Assignment
Find the line with "Nieuwe jeugdspelers seizoen 2021-2022" in the data below. Repeat it and every line after it up to the end, exactly, but drop the pictures.

Dataset content: Begin

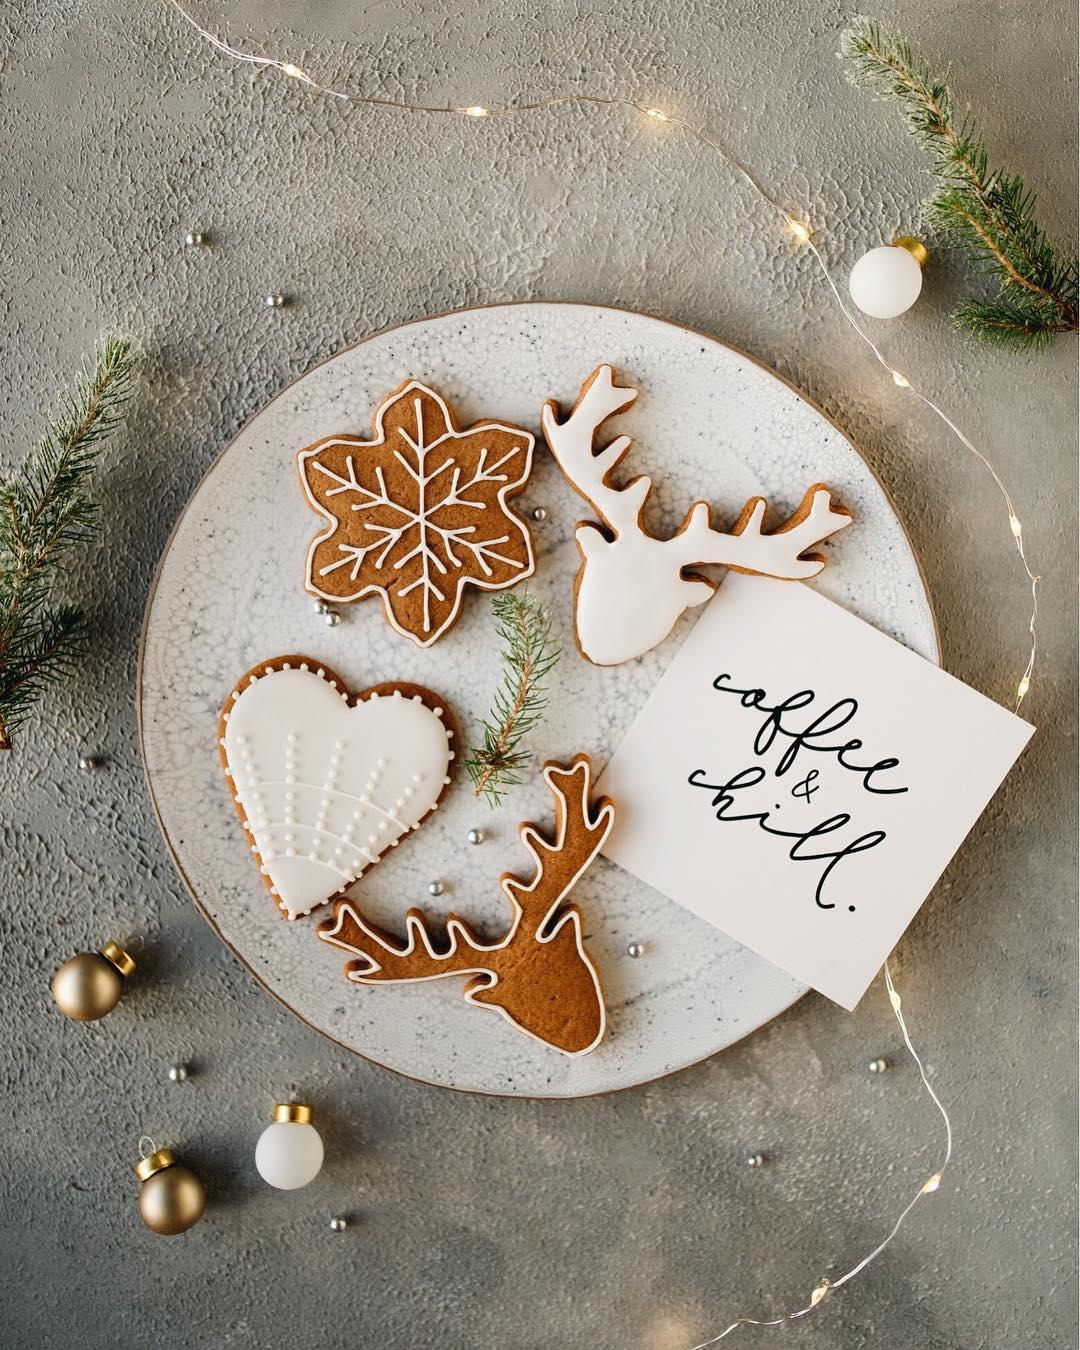 Kako napraviti prhke i mirisne Gingerbread keksiće?
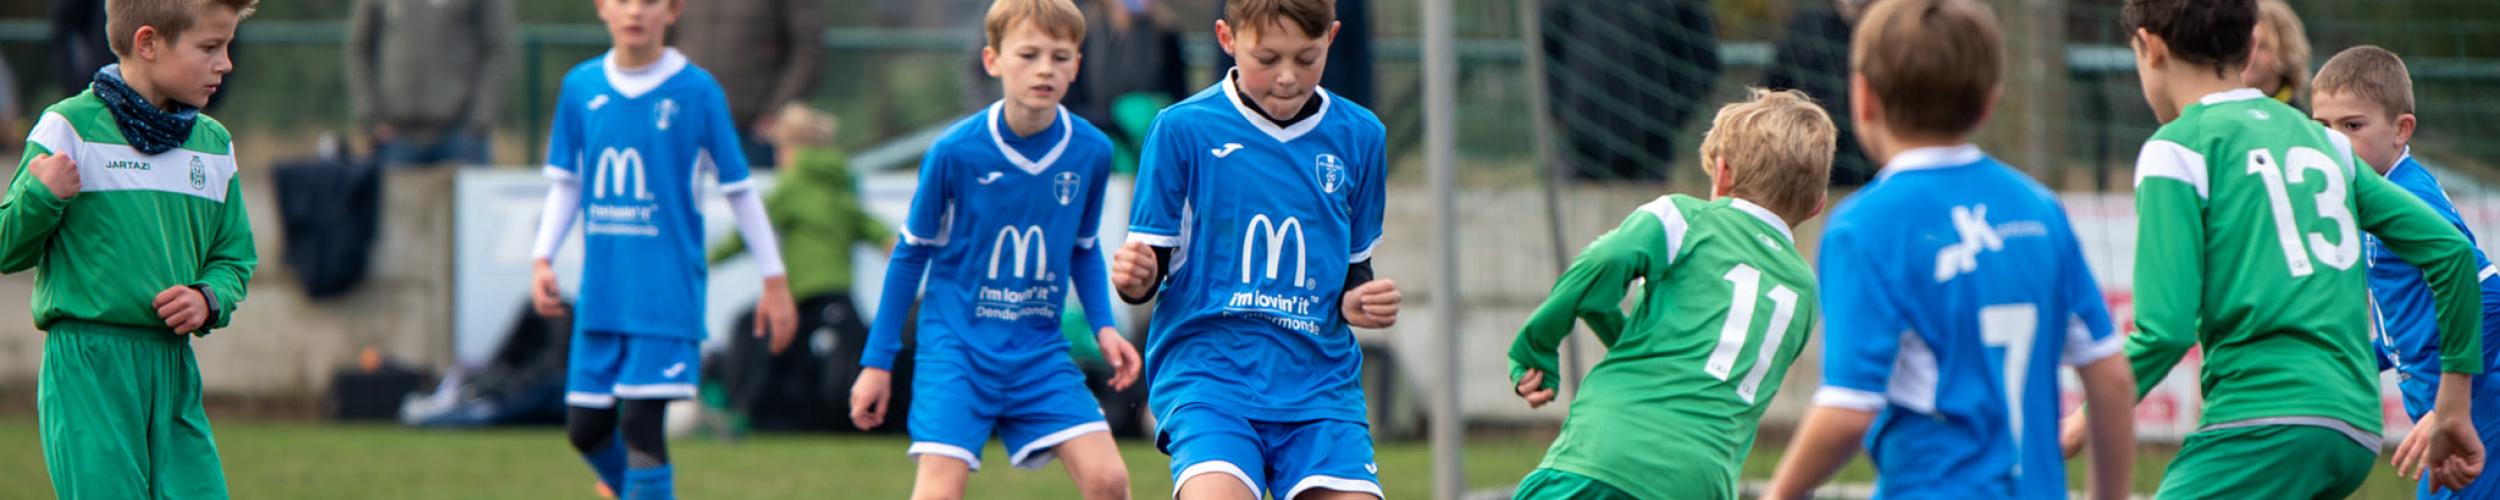 Nieuwe jeugdspelers seizoen 2021-2022
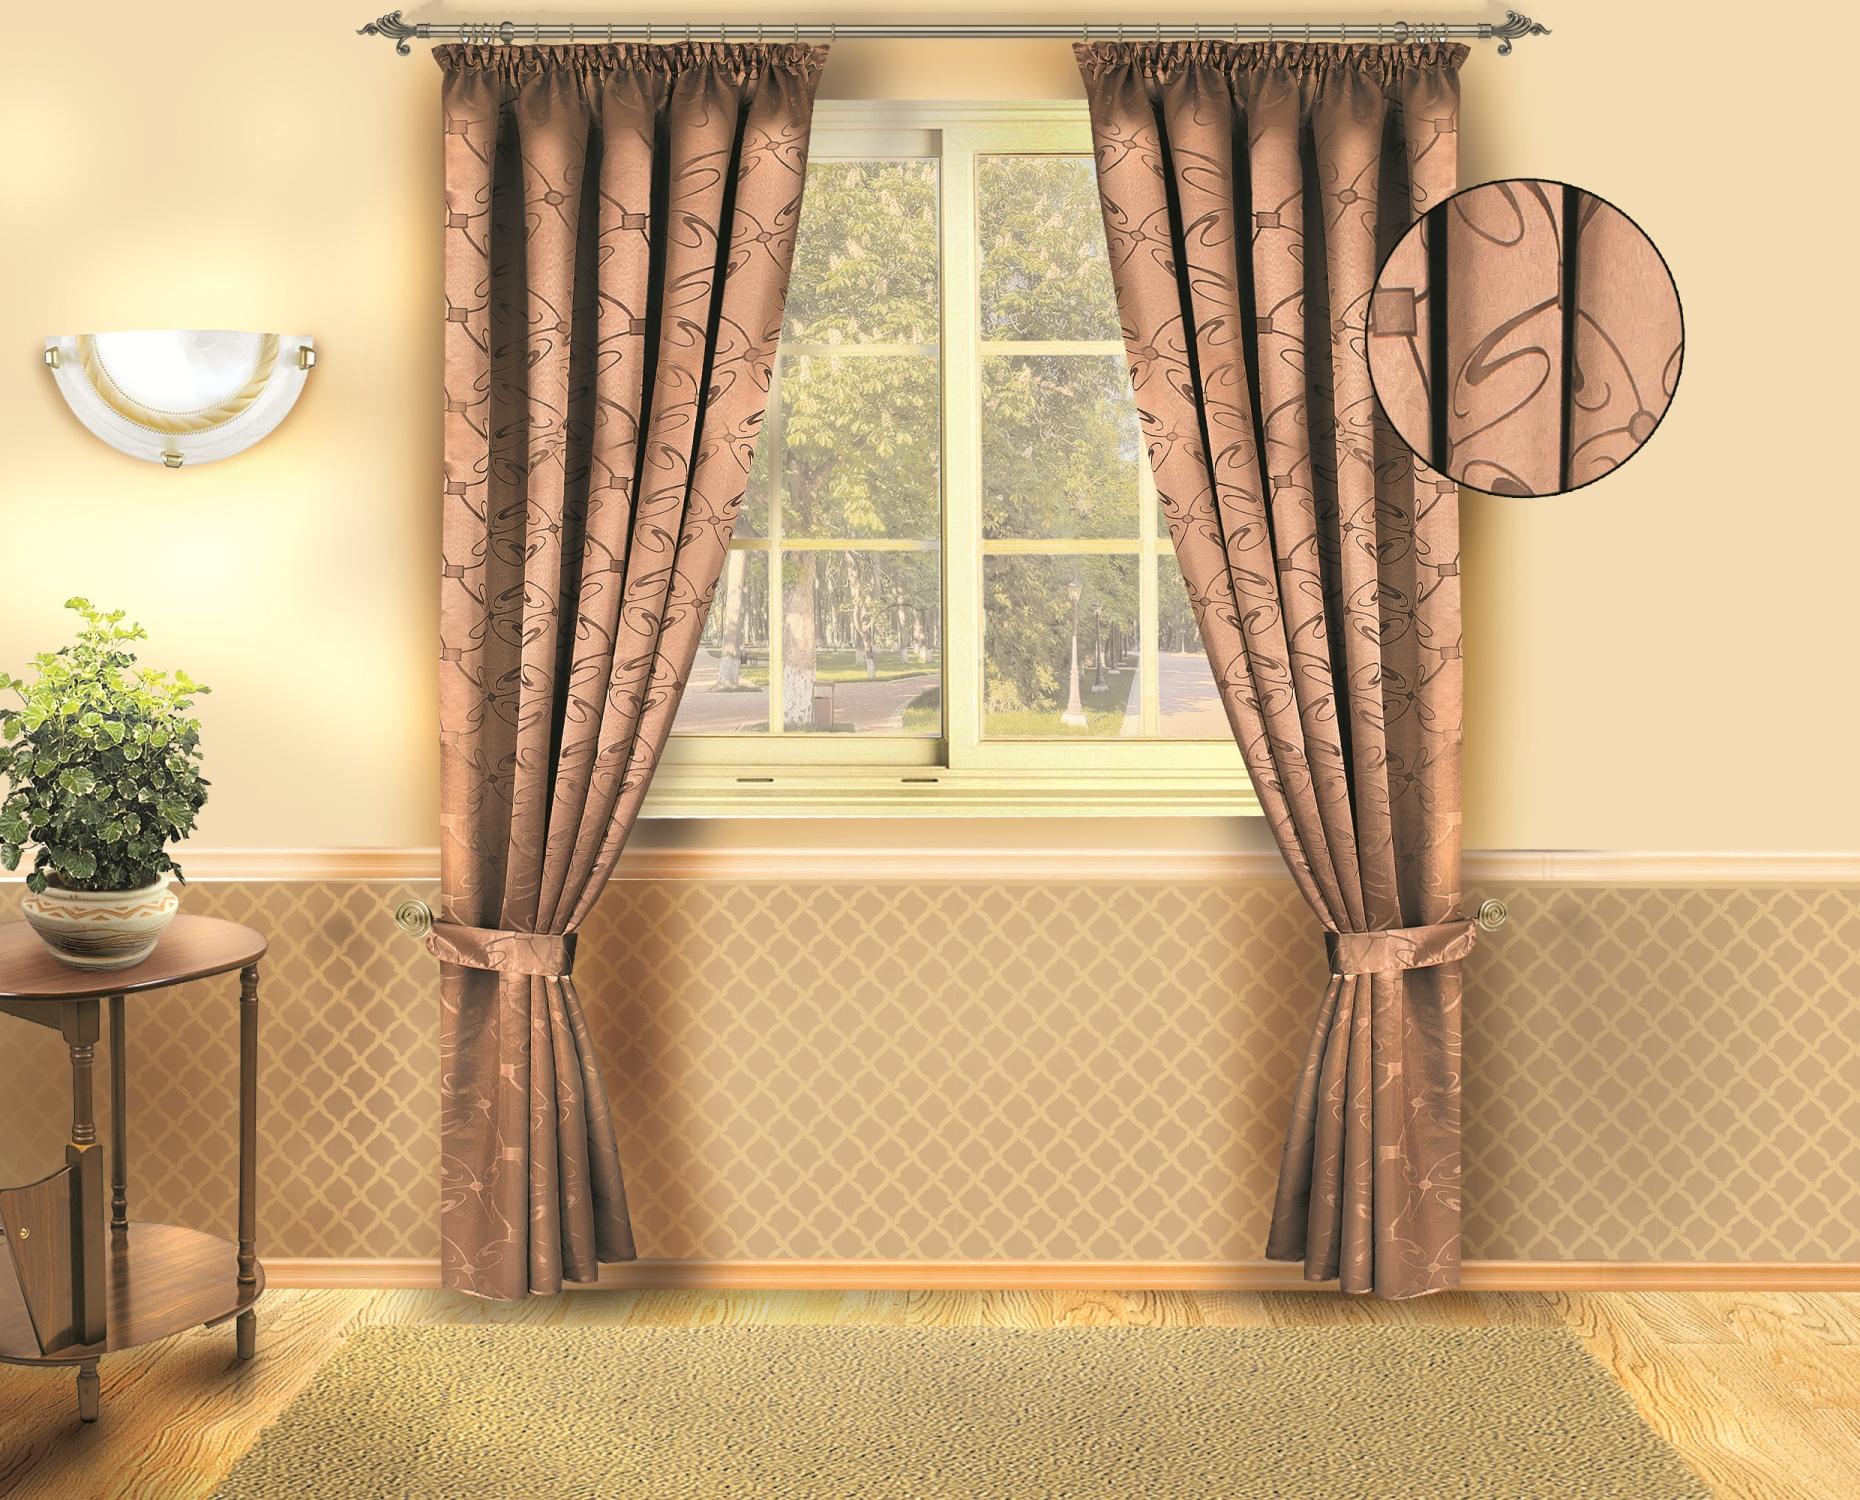 Комплект штор Zlata Korunka 140*250*2. Б133 коричневыйБ133 коричневыйКомплект штор Zlata Korunka 140*250*2. Б133 коричневый Материал: 100% п/э, размер: 140*250*2, цвет: коричневый

Dataset content: End

Solved problem
 Nieuwe jeugdspelers seizoen 2021-2022
 Комплект штор Zlata Korunka 140*250*2. Б133 коричневыйБ133 коричневыйКомплект штор Zlata Korunka 140*250*2. Б133 коричневый Материал: 100% п/э, размер: 140*250*2, цвет: коричневый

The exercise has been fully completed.